Vorsicht, teure Hotline-Preise bei Prepaid-Tarifen

Bis zu 99 Cent pro Minute für Hotline-Anrufe / Mehr Kostenschutz bei Hotlines von Prepaid-Tarifen

(lifePR) ( Paderborn, )
Prepaid-Tarife stehen eigentlich für das Prinzip der Kostensicherheit, da Verbraucher nur für die Anrufe und SMS bezahlen, die sie verbraucht haben. Was die meisten jedoch nicht wissen: Anrufe bei Servicehotlines sind oftmals sehr teuer. Zwei Prepaid-Anbieter bieten nun kostenlose Hotlines an und setzen damit ein Zeichen gegen die versteckten Kosten.

Bei den vier großen Mobilfunkanbietern und einem weiteren Telekommunikationsanbieter ist es schon seit langem üblich, dass fast alle Hotlines kostenlos sind. Darunter fallen beispielsweise Hotlines für die Technik, Kundeberatung, Rechnungen oder für Neukunden. Bei allen übrigen Prepaid-Anbietern zahlen Verbraucher hingegen zwischen 14 und 99 Cent pro Minute für den Hotline-Anruf. "Viele Verbraucher wissen jedoch nicht, dass Anrufe bei der Hotline ihres Anbieters so viel kosten und wundern sich über eine unerwartet hohe Rechnung," erklärt Philipp Jorek vom Verbraucherportal Billig-Tarife.de. Gegen diesen Trend haben sich zwei Mobilfunk-Discounter ausgespochen und haben kürzlich ihre teure Hotlinenummer durch eine Nummer aus dem deutschen Festnetz ersetzt. Für Prepaid-Kunden, deren Tarif eine Flatrate ins deutsche Festnetz beinhaltet, sind die Hotline-Anrufe daher von nun an kostenlos. Haben Kunden keine Flatrate, zahlen sie die jeweilgen Kosten für einen Anruf ins Festnetz.

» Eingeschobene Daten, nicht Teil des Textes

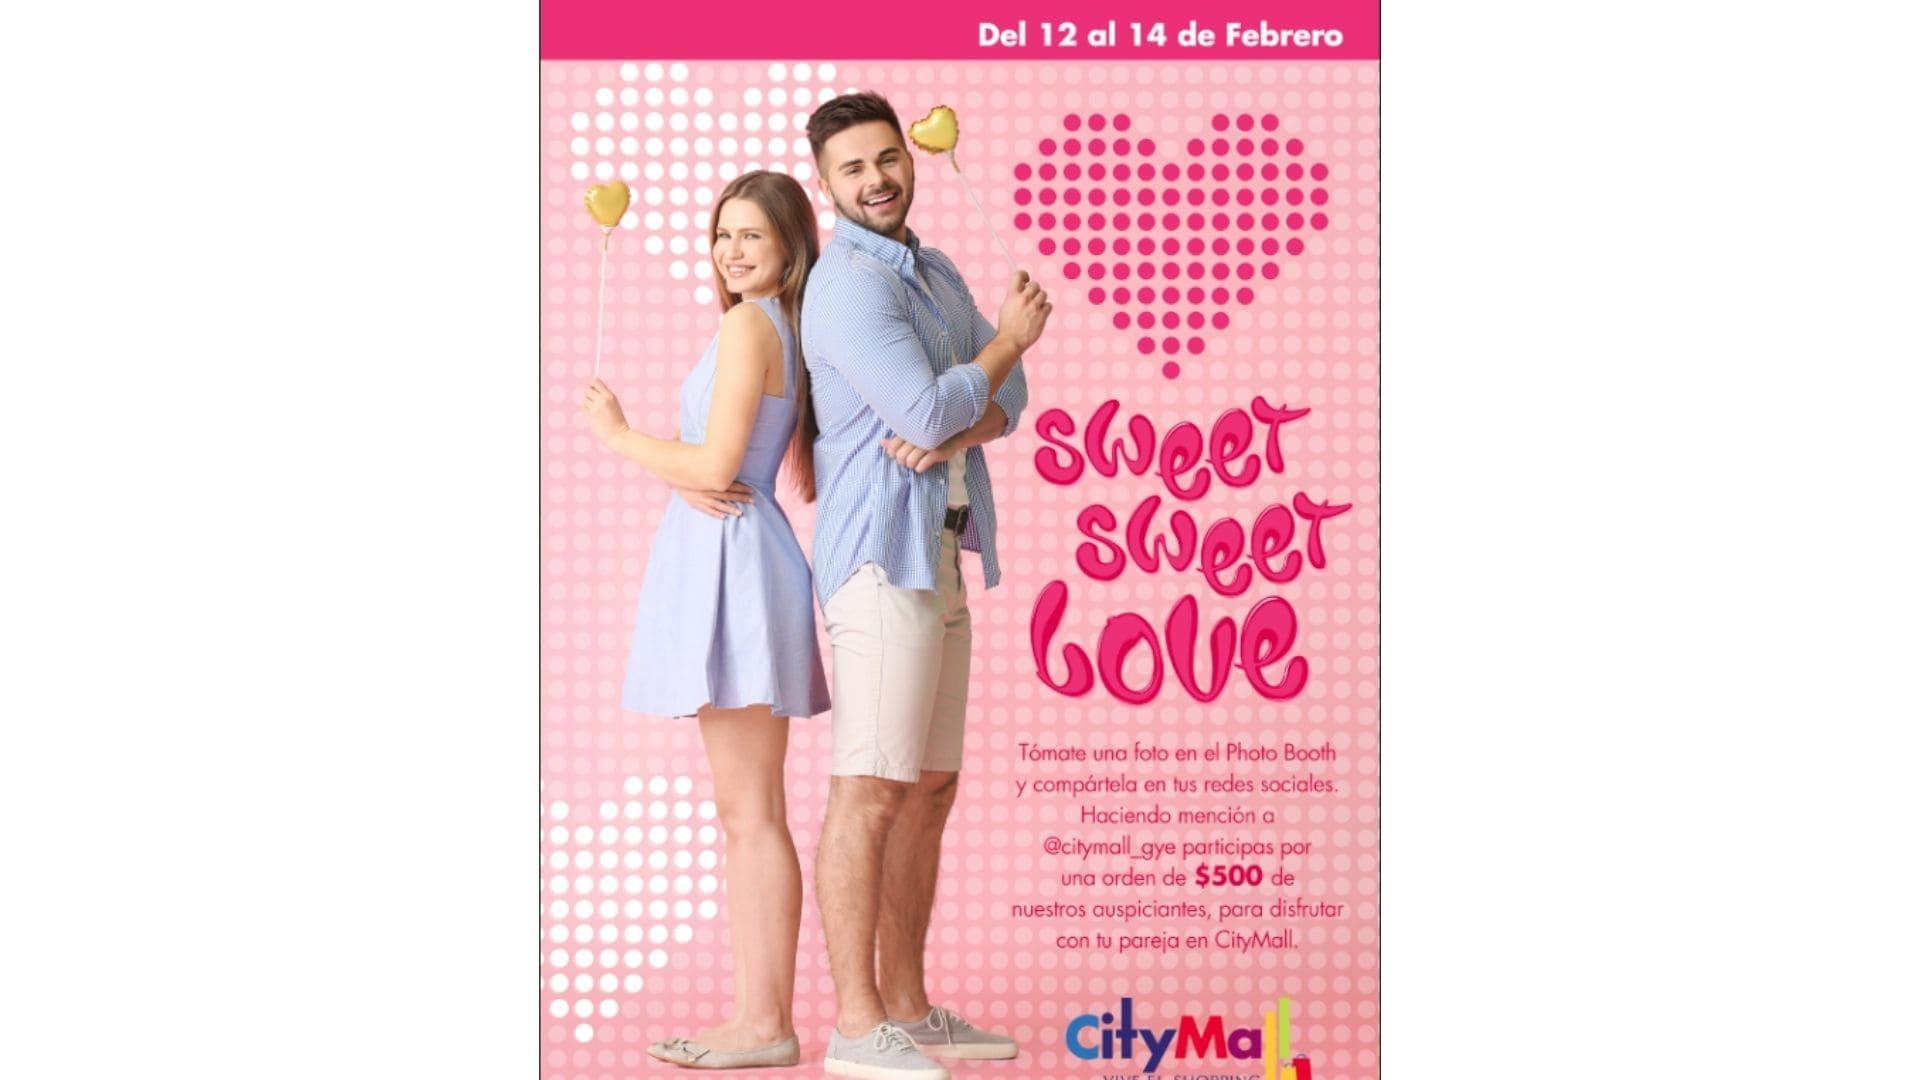 Disfruta de un San Valentín con moda y amor en CityMall

Je nach Tarif sind dies zwischen 5 und 19 Cent pro Minute. "Die Anbieter haben mit diesem Schritt eine mögliche Kostenfalle eliminiert und die Kostensicherheit für ihre Kunden enorm erhöht," so Jorek weiter.

Verbraucher finden unter http://www.billig-tarife.de/handytarife/mobilfunk-discounter.php einen objektiven Vergleich aller deutschen Mobilfunk-Discounter Tarife in Deutschland. Der Vergleich beinhaltet sowohl Prepaid- als auch Postpaid-Tarife. Bei Prepaid-Tarifen laden Kunden ein bestimmtes Guthaben vor dem Telefonieren auf. Bei Postpaid-Tarifen hingegen zahlen Kunden auf monatlicher Basis erst im Nachhinein für die verbrauchten Telefonieeinheiten, SMS oder das benutzte Datenvolumen. Mobilfunkdiscounter zeichnen sich dadurch aus, dass es meist nur einen Preis in alle Fest- und Mobilfunknetze gibt. Zudem gibt es keine Mindestlaufzeit, keinen Mindestumsatz und keine monatliche Grundgebühr.